Non solo: dopo aver trovato un importatore e un distributore “ad hoc” per le esigenze della cantina, è fondamentale assicurarsi protezioni finanziare, perché spesso i piccoli distributori, che sono i più disposti verso nuove piccole realtà e nuovi vitigni, rischiano di rimanere indietro con i pagamenti. Senza contare che non si possono dimenticare misure di contrasto per le oscillazioni del cambio euro-dollaro, che in questo momento penalizzano il vino italiano, o l’importanza di essere ben posizionati nei giudizi delle classifiche dei vari “Wine Spectator”, “Wine Enthusiast” e “Wine Advocate”, che non sono totalmente discriminanti, ma possono essere un buon punto di contatto tra produttori e operatori.

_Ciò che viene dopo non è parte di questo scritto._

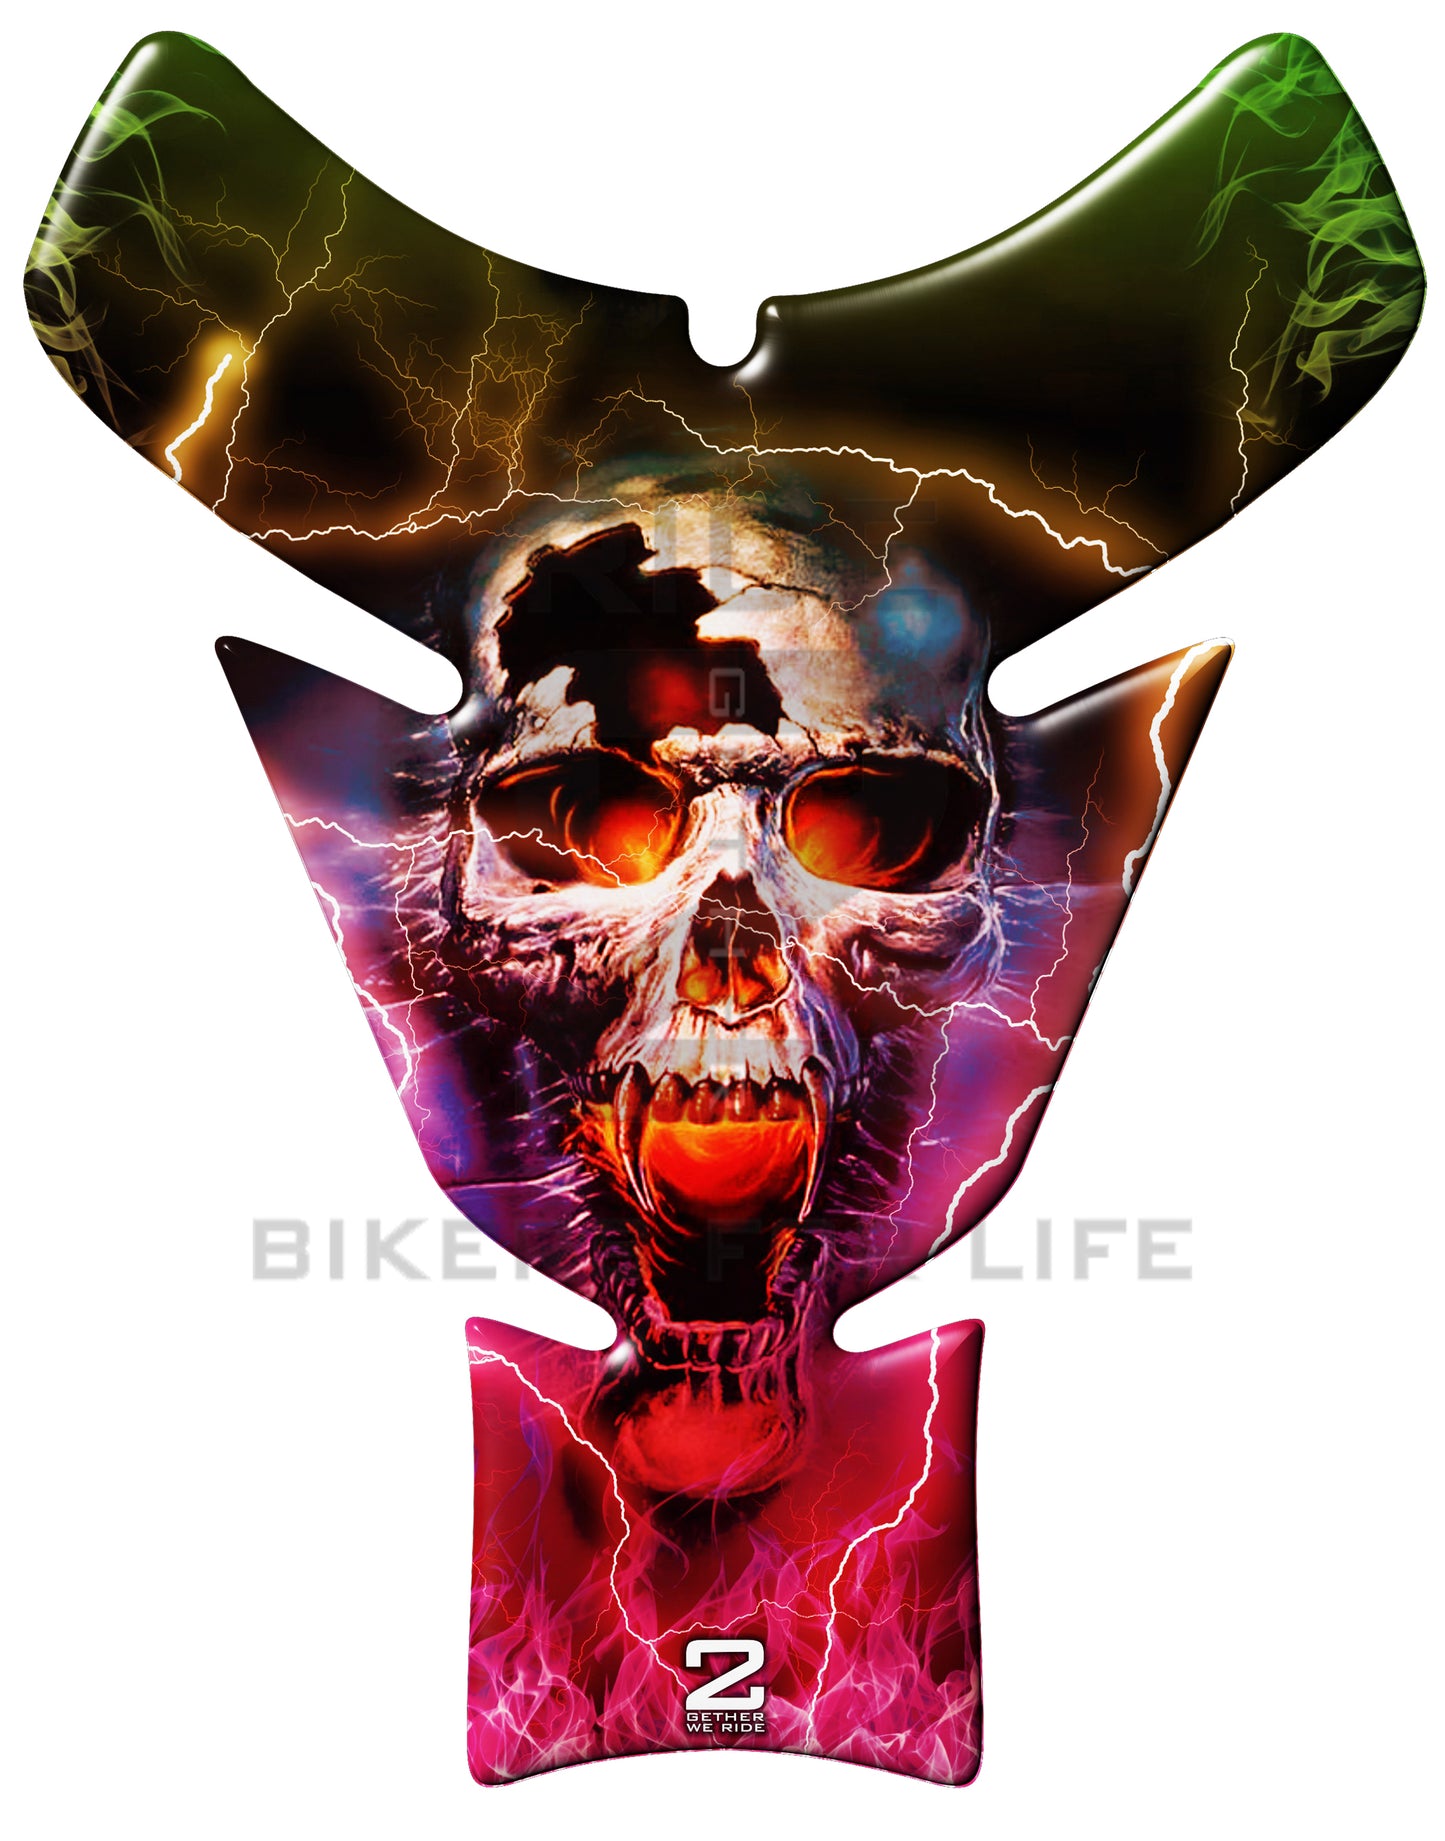 Universal Fit Multi Colour Thunder Flaming Skull Motor Bike Tank Pad Protector. A Street Pad which fits most motorcycles.

Gli spazi per crescere, per il vino italiano, ci sono eccome: nel momento dedicato ai consumatori del “Vinitaly Day at Eataly”, più di mille persone hanno preso d’assalto i banchi di assaggio dei nettari tricolore, per un evento che, in poche ore, ha raccolto 33.000 dollari devoluti completamente in beneficenza alla American Cancer Society.
Fondamentale, allora che chi organizza eventi di promozione all’estero, come il “Vinitaly in the World”, si assuma sempre di più un ruolo di formazione, soprattutto per le cantine giovani, piccole e meno strutturate che voglio portare il loro vino fuori dai confini nazionali in mercati che, se non si conosco bene le regole, le convenzioni e i trend di consumo, diventano grossi rischi invece che grandi opportunità. Ed è su questo che il tour mondiale di Vinitaly punta dritto a vele spiegate.